The city contracted with the nonprofit Berkeley Food and Housing Project in May to connect Bulb residents with services and help them find a place to live. The city hired Oakland-based Operation Dignity to open a temporary 30-bed shelter near the Bulb in late November. That part of the city’s park transition plan is costing more than $300,000 for six months of shelter.

“We don’t live in the best of all possible worlds,” City Councilman Michael Barnes said when the council voted to finally approve Albany’s park transition plan in October. “I think the plan we have is a good one. People will move a few hundred yards off the Bulb into trailers. They will be warm. They will be dry. There will be showers. They will have food supplied to them. They will have toiletries supplied to them. Their dogs will be there.”
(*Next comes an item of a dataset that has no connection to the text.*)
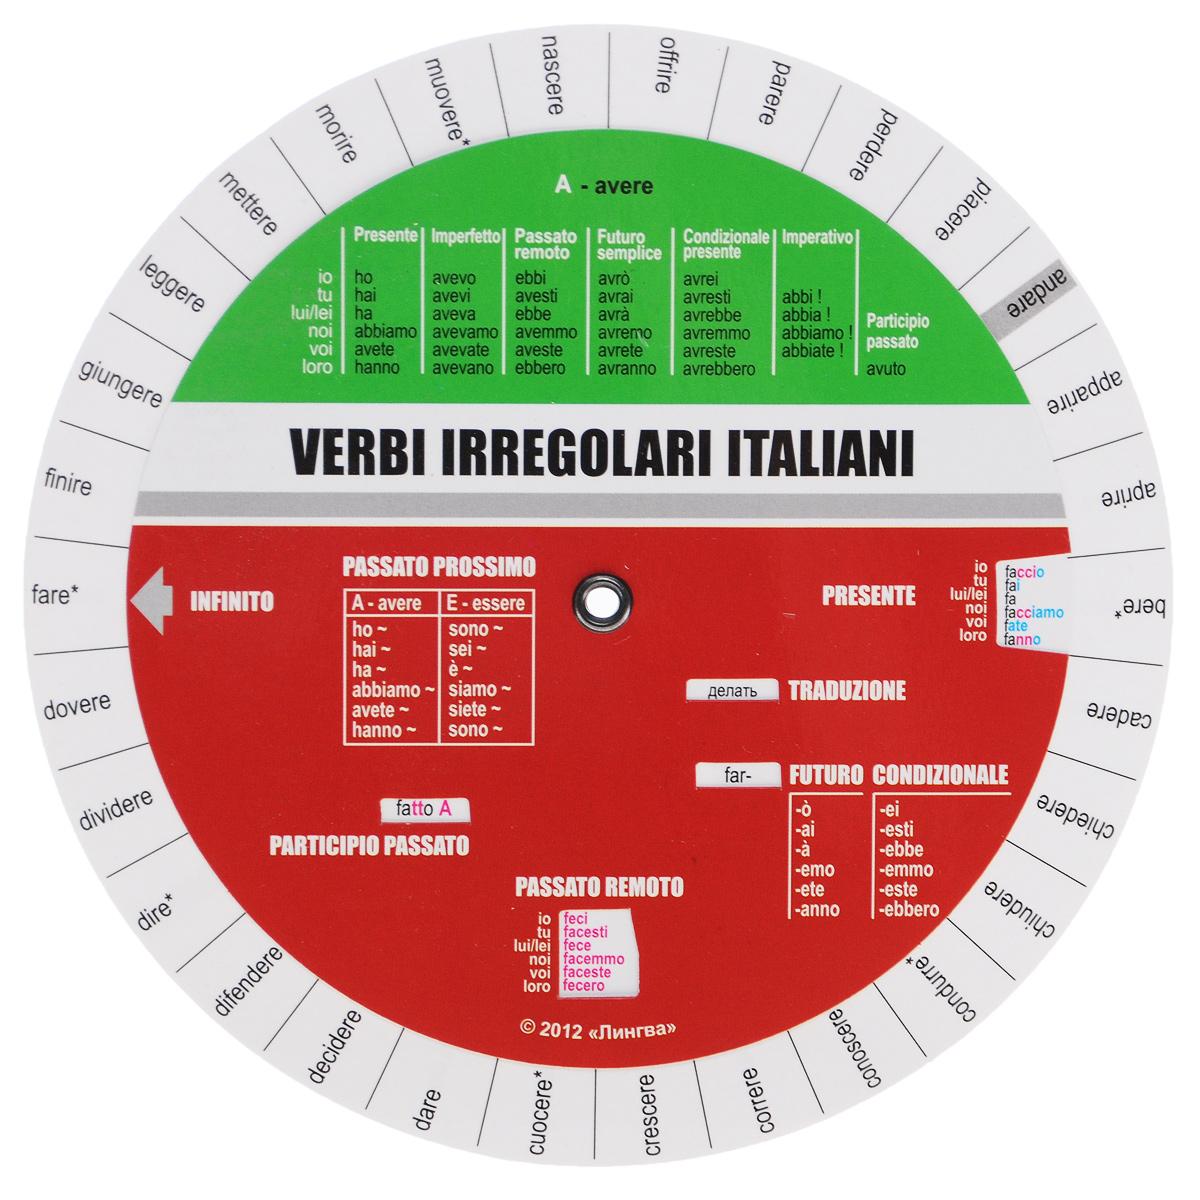 Verbi irregolari Italiani / Итальянские неправильные глаголы. Таблица карточки итальянский язык тематические карточки для запоминания слов

So far, the shelters have not caught on with the Bulb residents. Only three to four people have been using them per night, according to the city.

Berkeley Food and Housing Project’s outreach has had some success, however. The nonprofit has connected four people with permanent housing since summer, although none of their apartments are in Albany.

Professional cook Bradley Anthony was the first Bulb resident to move into a permanent home though the effort. He had been living at the camp for about six months.

“Because I was employed, I knew it would be much easier for me,” he said outside his new home, a room in West Oakland. “It was pretty simple I guess, I mean comparatively speaking to what other people are going to be going through, I’m very lucky.”

Anthony said he moved to the Bulb last spring after he got laid off. Another job he had lined up took longer to come through than expected, and he couldn’t pay rent.

So he got in touch with his sister, April Anthony, who has lived at the Bulb for almost five years.

“I love it here, and I’m grateful for having been able to stay here,” April Anthony said. “As a single female homeless person, it beats the streets, there’s no doubt about it, and we have developed a community here, which is the last thing I thought I’d see. You know, but we’re all like a big family now. It’s kind of messed up that they’re going to break us apart.”

The Anthony siblings are two examples of the Bulb’s heterogeneous population. Bradley Anthony said he had never been homeless except for those recent six months. He said the process of getting into housing was pretty easy once outreach workers realized he had a full-time job.

“I was one of the few people that fit the criteria,” he said.

April Anthony, however, meets the federal definition of chronic homelessness. She has a physical disability that makes it difficult for her to walk, and bi-polar disorder, and she’s lived outdoors for more than a year. Like many of the people living on the Bulb, she makes a few hundred dollars a month selling art and doing odd jobs.

“We don’t have guaranteed monthly income, and that’s been a major killer,” she said.

Coming to Grips

Albany realtor Francesco Papalia seems a little sheepish when he claims to have started the whole controversy, or at least the most recent round of it. He used his position as chair of Albany’s Waterfront Committee to form a homelessness task force in the city about a year and a half ago.

“If someone was homeless and fell down on the street or was sleeping in someone’s backyard, there was absolutely no one in the city whose job it was to help them,” he said.

The city council directed the task force to study the issue and present options for addressing homelessness in Albany, which is mostly concentrated at the Bulb. The task force delivered several options to the city in May, and the city council voted to pursue eviction under Albany’s “no-camping” ordinance with limited support services.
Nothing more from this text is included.